The Cinema 1, 2 and 3 continues to be one of our principal assets. It continues to work for us now as a cinema while we progress its redevelopment into a higher and better use. As most of you know, we've tried for a while to work out a joint development deal with our neighbors on the north. We believe that the possible synergies for a combination -- from a combination of the 2 properties will benefit both them and Reading. To date, we haven't been able to reach agreement to a fair allocation of the JV ownership that's in the best interest of our stockholders, including with respect to the control of the development.

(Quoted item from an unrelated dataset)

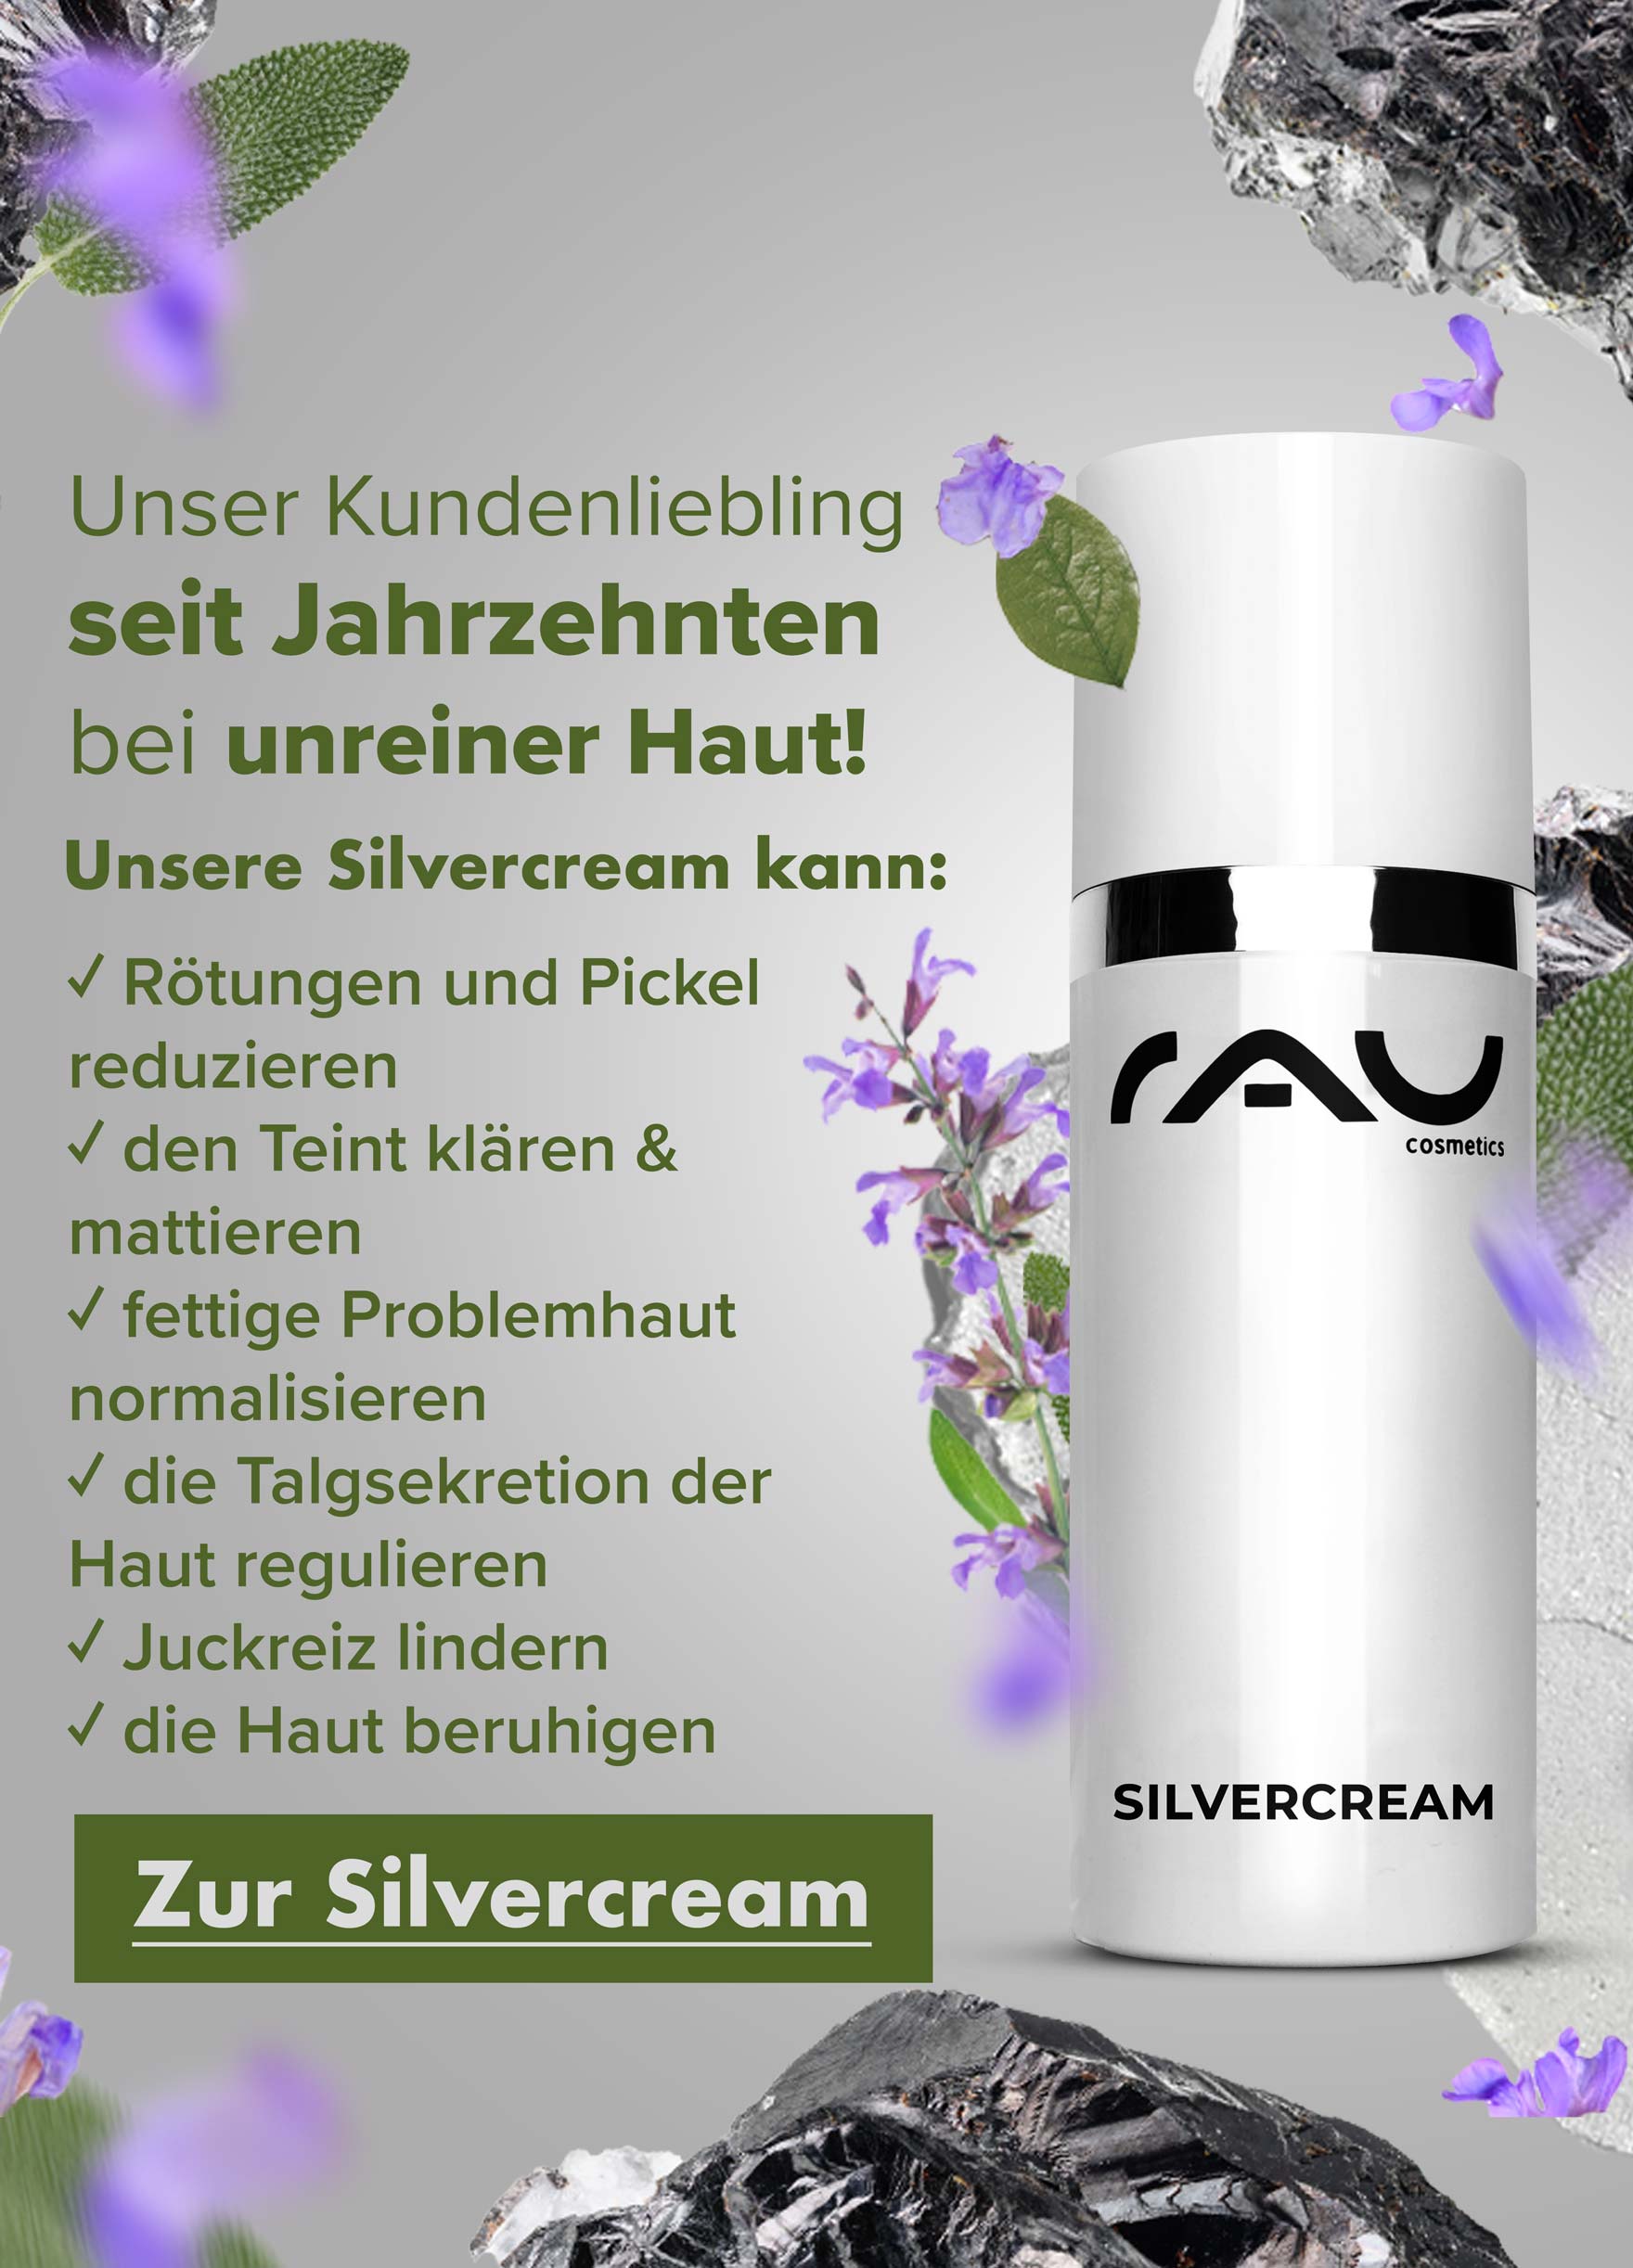 rau-cosmetics_herbsthautpflege-2023-gesichtspflege-kosmetik-onlineshop-wirkstoffkosmetik-silvercream-mobile

Our inability to reach agreement on getting -- on these gating issues gives us concern as to the difficulties that we may face in making other fundamental development decisions. And therefore, we're now looking at developing our property on a stand-alone basis. Our footprint is just about 8,000 square feet, and we have the potential to increase the square footage to just over 90,000 square feet, with current zoning being commercial, residential or community facility. To be clear, while we work to negotiate a joint venture structure, we've not been standing still and have been addressing issues that will need to be resolved whether we proceed on a stand-alone development or as part of a joint venture. Our Cinema 1, 2 and 3 continues to deliver healthy cash flow. As 44 Union Square nears completion, we'll focus more of our domestic resources on advancing the redevelopment of the Cinema 1, 2 and 3. We have no plan to sell the asset as we believe it offers our company and our stockholders continuing cash flow plus the potential to build long-term sustainable tangible asset value. We look forward to keeping you updated.

Andrzej Matyczynski

Management

Ellen, the third question: Can you remind us of Reading's long-term plan as it relates to growth in both real estate and all cinema exhibition? What growth rates are you targeting? And is there a specific growth metric, revenue growth, EBITDA growth, you are using as a benchmark to measure the success of your efforts? Dev, how about you?

Devasis Ghose

Management

Thanks, Andrzej. We started on a more in-depth review of our cinema investments in 2005 and have added recliner seats, premium screens and enhanced food and beverage options in select locations. In doing so, we have generated -- generally targeted mid-teens type returns on the cinema growth investments, recognizing that in a few such instances, investments have necessarily to be defensive in nature. On the real estate side, we look for returns in the high single digits on a stabilized cash-on-cash basis.

Andrzej Matyczynski

Management

Dev, perhaps we can stick with you with the next question. With the expected maturity of U.S., New Zealand and Australia loans in 2019, are they going to be refinanced prior to adding to Reading's working capital deficit by allowing them to be classified as additional current maturities of long-term debt?

Devasis Ghose

Management

Andrzej, we are in advanced discussions with our credit sources in Australia, New Zealand and the U.S. with regard to renewing and refinancing our primary lines of credit for the next several years. We are encouraged by what we have been hearing and hope to be able to update our investors in early 2019 in connection with our 2018 year-end reporting. We've received indications that we have the flexibility to increase our credit facilities should we elect to do so.

Andrzej Matyczynski

Management

And another question on our debt. The new Minetta Lane and Orpheum loans 1 or 2 and subject to prepayment penalties? Dev?

Devasis Ghose

Management

Andrzej, in October 2018, we closed on a new long-term loan covering the Minetta and Orpheum theaters. We will be able to repay the loan without penalty during the last year, year 5, of the loan. We do not currently anticipate any events for these 2 sites that would require a prepayment before that date. Naturally, the prepayment feature is just one element of an overall financial package and impacts the rate paid.

Andrzej Matyczynski

Management

Then our last question: With a $25 million share buyback authorized and the company's management and board taking the position that RDI are undervalued, why is the company not repurchasing shares? I think I can answer that one. Our board has committed to the $25 million buyback. Today, just under $7 million of that authorization has been utilized. We are continuously evaluating our capital allocation needs as it relates to the buyback and our capital project -- projects. As you can see from the amount we recently invested in our existing portfolio, we have put our capital to good use. Additionally, in the past months, we've been evaluating certain transactions that might have increased our capital needs. And finally, legal restrictions and blackout periods have materially limited our activity in the market. Note that this has only been relatively recently that our stock price has fallen below our historic buyback pricing levels. With that said, our board and management remains committed to our buyback. That marks the conclusion of the call. As usual, we're available for any follow-up calls, so please do not hesitate to reach out. We appreciate you listening to the call today, and thank you for your attention.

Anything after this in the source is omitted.